Stored data
+===+

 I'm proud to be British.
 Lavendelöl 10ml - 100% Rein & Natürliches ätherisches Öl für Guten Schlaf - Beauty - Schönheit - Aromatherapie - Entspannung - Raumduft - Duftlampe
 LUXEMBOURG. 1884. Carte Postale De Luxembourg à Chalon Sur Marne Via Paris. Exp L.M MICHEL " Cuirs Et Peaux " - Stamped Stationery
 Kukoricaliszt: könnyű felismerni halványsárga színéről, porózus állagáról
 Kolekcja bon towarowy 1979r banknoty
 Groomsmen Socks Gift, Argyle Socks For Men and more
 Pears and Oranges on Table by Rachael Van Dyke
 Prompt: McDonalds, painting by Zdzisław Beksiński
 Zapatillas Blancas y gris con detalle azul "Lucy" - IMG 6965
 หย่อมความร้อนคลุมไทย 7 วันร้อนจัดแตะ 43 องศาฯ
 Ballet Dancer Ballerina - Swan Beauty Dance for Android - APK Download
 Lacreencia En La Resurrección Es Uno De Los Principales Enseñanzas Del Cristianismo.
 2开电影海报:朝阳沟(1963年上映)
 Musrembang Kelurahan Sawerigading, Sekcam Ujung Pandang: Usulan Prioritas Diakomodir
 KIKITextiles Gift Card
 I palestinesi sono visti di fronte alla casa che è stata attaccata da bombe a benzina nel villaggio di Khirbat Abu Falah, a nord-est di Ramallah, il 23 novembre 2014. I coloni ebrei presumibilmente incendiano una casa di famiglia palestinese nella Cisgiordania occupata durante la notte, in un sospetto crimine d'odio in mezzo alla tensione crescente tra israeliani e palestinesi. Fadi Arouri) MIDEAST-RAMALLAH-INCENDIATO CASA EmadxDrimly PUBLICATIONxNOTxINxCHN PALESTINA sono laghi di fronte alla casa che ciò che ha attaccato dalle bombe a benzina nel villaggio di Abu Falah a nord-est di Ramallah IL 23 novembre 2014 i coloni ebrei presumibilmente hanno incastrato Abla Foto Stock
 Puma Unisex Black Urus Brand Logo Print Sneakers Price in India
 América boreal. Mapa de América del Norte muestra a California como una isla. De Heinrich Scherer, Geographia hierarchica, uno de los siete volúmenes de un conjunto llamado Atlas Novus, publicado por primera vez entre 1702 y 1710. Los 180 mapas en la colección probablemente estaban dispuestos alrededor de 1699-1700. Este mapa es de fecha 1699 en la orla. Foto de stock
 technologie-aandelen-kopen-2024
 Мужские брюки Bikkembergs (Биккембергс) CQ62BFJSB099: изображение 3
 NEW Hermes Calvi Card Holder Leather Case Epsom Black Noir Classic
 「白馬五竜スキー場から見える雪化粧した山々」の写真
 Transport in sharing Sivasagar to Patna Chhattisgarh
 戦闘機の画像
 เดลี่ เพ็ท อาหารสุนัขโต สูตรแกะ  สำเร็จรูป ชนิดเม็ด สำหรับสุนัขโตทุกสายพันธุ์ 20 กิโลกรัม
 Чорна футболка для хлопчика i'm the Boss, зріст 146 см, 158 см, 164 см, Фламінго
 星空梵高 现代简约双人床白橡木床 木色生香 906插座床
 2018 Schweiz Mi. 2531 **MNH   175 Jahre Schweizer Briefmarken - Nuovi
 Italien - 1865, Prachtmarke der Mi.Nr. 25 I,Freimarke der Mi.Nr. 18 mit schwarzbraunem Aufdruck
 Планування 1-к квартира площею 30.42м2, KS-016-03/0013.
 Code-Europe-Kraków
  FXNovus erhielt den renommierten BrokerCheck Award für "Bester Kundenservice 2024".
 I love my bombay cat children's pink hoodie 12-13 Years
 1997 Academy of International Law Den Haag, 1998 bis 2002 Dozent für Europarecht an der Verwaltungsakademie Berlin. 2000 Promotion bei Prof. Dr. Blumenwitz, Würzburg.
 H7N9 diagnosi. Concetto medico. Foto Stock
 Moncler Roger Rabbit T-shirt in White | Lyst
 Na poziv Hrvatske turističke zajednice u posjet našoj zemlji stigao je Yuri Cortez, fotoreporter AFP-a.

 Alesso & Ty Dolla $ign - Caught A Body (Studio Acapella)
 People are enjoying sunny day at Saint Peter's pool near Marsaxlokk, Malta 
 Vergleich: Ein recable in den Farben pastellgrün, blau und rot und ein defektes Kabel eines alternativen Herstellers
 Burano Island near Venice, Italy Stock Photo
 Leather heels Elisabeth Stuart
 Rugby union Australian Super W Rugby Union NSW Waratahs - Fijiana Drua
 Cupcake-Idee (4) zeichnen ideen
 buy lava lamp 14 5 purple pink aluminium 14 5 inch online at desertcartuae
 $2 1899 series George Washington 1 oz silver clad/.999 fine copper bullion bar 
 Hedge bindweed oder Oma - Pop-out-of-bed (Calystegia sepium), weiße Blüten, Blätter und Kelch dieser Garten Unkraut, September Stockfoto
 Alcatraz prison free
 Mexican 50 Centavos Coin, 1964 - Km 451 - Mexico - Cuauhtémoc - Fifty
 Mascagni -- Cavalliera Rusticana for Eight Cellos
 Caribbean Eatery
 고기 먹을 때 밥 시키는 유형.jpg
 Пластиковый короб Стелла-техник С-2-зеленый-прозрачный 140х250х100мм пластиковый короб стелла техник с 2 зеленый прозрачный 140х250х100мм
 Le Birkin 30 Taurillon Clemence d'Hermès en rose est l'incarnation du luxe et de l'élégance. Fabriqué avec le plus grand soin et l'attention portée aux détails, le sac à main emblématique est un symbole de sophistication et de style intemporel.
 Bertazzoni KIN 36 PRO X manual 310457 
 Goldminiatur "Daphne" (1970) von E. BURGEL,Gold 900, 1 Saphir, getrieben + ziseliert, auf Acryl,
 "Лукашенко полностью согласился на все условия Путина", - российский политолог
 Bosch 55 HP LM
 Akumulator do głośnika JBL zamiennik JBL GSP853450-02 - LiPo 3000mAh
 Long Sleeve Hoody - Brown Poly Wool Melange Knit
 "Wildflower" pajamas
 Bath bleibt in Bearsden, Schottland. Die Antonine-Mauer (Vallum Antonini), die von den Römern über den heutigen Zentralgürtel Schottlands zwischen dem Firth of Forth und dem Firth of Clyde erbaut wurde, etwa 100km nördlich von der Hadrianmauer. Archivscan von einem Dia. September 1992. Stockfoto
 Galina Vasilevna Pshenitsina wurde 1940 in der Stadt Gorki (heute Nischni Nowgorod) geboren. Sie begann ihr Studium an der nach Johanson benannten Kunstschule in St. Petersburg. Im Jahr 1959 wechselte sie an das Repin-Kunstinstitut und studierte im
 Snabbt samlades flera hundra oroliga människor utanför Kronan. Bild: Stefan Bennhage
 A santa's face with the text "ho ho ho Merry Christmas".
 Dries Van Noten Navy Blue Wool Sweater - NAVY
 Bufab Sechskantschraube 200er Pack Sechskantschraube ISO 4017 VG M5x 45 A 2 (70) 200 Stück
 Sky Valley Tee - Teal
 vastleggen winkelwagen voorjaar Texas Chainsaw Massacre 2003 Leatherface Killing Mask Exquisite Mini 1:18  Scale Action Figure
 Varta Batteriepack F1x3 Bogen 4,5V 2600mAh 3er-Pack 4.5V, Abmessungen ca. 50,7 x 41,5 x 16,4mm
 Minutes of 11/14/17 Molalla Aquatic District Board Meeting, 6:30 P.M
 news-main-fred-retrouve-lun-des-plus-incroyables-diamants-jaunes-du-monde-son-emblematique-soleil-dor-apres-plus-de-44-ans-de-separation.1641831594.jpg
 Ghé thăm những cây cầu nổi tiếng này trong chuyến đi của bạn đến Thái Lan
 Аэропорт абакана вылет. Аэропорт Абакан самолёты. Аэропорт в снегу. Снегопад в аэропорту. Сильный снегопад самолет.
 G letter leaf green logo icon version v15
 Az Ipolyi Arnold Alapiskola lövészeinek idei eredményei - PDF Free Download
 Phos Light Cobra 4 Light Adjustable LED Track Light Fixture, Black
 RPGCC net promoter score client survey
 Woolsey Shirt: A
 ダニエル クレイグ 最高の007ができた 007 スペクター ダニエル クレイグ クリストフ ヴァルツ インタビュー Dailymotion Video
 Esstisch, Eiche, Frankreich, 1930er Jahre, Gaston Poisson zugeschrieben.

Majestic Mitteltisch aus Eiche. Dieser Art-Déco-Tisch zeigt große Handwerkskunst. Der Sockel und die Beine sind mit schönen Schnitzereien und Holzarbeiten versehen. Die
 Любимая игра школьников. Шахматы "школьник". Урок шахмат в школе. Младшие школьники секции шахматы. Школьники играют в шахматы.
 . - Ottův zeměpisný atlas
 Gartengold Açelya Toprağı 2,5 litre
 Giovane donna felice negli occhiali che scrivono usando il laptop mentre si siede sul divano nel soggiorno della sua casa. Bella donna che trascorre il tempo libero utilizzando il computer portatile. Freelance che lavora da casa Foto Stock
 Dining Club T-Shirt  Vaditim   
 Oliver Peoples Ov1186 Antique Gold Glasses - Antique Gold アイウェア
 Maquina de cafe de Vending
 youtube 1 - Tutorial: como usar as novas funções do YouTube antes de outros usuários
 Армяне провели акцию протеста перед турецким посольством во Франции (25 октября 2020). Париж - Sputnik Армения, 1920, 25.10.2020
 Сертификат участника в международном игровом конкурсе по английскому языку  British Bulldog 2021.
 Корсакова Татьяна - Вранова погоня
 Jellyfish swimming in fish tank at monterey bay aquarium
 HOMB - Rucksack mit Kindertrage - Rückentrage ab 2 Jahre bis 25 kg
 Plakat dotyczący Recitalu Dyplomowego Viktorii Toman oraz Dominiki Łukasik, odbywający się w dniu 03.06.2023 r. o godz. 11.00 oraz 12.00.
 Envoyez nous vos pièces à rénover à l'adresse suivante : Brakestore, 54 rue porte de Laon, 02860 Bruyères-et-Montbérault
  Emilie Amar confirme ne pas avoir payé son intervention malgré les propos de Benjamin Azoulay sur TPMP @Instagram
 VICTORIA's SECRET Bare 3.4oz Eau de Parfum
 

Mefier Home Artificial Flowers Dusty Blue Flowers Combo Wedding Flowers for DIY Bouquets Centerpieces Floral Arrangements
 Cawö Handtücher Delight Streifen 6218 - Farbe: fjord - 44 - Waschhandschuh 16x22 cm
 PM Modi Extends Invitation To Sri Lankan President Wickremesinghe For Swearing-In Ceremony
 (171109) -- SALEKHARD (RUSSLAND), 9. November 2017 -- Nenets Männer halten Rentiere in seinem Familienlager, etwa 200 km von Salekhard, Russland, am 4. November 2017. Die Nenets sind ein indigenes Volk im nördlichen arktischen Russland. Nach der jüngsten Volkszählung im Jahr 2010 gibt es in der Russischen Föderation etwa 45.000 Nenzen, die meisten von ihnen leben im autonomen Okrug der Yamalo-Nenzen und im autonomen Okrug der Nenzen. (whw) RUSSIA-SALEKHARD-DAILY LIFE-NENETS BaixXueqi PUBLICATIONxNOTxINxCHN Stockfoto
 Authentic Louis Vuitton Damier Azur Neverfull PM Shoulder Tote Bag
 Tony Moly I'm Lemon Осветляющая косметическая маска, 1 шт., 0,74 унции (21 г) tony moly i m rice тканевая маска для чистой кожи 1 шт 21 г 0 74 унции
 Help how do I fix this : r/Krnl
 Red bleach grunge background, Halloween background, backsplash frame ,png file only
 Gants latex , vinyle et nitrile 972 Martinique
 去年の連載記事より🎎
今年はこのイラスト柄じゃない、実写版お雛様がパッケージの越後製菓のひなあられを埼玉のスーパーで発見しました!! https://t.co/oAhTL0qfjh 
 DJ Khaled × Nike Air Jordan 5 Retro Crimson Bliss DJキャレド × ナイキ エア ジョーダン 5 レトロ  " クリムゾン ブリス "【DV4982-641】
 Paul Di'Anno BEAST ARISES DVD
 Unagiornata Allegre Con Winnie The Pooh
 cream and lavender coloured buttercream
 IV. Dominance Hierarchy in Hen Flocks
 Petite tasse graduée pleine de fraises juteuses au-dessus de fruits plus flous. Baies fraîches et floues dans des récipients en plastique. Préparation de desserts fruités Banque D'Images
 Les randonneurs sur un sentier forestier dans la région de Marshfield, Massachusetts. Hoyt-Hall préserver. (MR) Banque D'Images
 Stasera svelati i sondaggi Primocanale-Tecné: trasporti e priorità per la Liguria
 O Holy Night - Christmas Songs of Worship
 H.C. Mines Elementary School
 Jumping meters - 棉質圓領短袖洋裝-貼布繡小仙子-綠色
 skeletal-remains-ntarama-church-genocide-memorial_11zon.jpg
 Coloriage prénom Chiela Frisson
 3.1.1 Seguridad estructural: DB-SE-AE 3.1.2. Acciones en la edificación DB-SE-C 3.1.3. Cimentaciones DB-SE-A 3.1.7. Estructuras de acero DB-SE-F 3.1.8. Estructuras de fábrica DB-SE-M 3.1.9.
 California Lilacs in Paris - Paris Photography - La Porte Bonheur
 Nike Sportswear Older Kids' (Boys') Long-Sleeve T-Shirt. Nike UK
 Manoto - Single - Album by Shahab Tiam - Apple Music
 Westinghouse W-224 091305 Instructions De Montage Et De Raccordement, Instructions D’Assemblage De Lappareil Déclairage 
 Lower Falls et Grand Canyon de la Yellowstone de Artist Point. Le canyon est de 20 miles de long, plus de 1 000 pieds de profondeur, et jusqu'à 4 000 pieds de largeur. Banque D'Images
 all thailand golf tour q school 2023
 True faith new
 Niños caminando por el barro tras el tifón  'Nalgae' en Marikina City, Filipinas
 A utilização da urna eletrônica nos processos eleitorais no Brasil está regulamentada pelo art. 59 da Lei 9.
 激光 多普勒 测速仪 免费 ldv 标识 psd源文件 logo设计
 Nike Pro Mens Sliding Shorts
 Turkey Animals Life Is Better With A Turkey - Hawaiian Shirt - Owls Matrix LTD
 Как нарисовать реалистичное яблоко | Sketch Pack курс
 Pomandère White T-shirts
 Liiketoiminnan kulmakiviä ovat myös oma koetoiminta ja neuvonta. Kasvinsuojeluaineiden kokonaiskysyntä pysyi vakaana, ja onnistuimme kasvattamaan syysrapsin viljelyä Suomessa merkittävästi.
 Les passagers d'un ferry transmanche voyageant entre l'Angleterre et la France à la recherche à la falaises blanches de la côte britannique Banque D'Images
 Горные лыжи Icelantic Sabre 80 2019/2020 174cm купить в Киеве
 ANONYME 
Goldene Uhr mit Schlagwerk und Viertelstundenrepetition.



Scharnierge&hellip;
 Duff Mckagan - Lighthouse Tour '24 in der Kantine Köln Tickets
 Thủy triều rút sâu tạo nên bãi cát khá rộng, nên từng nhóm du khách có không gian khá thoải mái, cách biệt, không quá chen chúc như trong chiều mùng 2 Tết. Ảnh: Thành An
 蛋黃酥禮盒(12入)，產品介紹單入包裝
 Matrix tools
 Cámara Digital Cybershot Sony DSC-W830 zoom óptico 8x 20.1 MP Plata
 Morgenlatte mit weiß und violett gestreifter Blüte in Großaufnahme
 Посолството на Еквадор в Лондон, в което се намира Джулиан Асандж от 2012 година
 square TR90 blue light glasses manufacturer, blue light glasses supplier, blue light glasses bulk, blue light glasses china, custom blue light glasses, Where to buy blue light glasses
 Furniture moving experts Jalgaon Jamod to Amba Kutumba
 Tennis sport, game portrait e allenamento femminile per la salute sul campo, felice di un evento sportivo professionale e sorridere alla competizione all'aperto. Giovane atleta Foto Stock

+===+

Exercise aim:
Copy out every line in the records where the word "Images" is found.

Answer section:
 Petite tasse graduée pleine de fraises juteuses au-dessus de fruits plus flous. Baies fraîches et floues dans des récipients en plastique. Préparation de desserts fruités Banque D'Images
 Les randonneurs sur un sentier forestier dans la région de Marshfield, Massachusetts. Hoyt-Hall préserver. (MR) Banque D'Images
 Lower Falls et Grand Canyon de la Yellowstone de Artist Point. Le canyon est de 20 miles de long, plus de 1 000 pieds de profondeur, et jusqu'à 4 000 pieds de largeur. Banque D'Images
 Les passagers d'un ferry transmanche voyageant entre l'Angleterre et la France à la recherche à la falaises blanches de la côte britannique Banque D'Images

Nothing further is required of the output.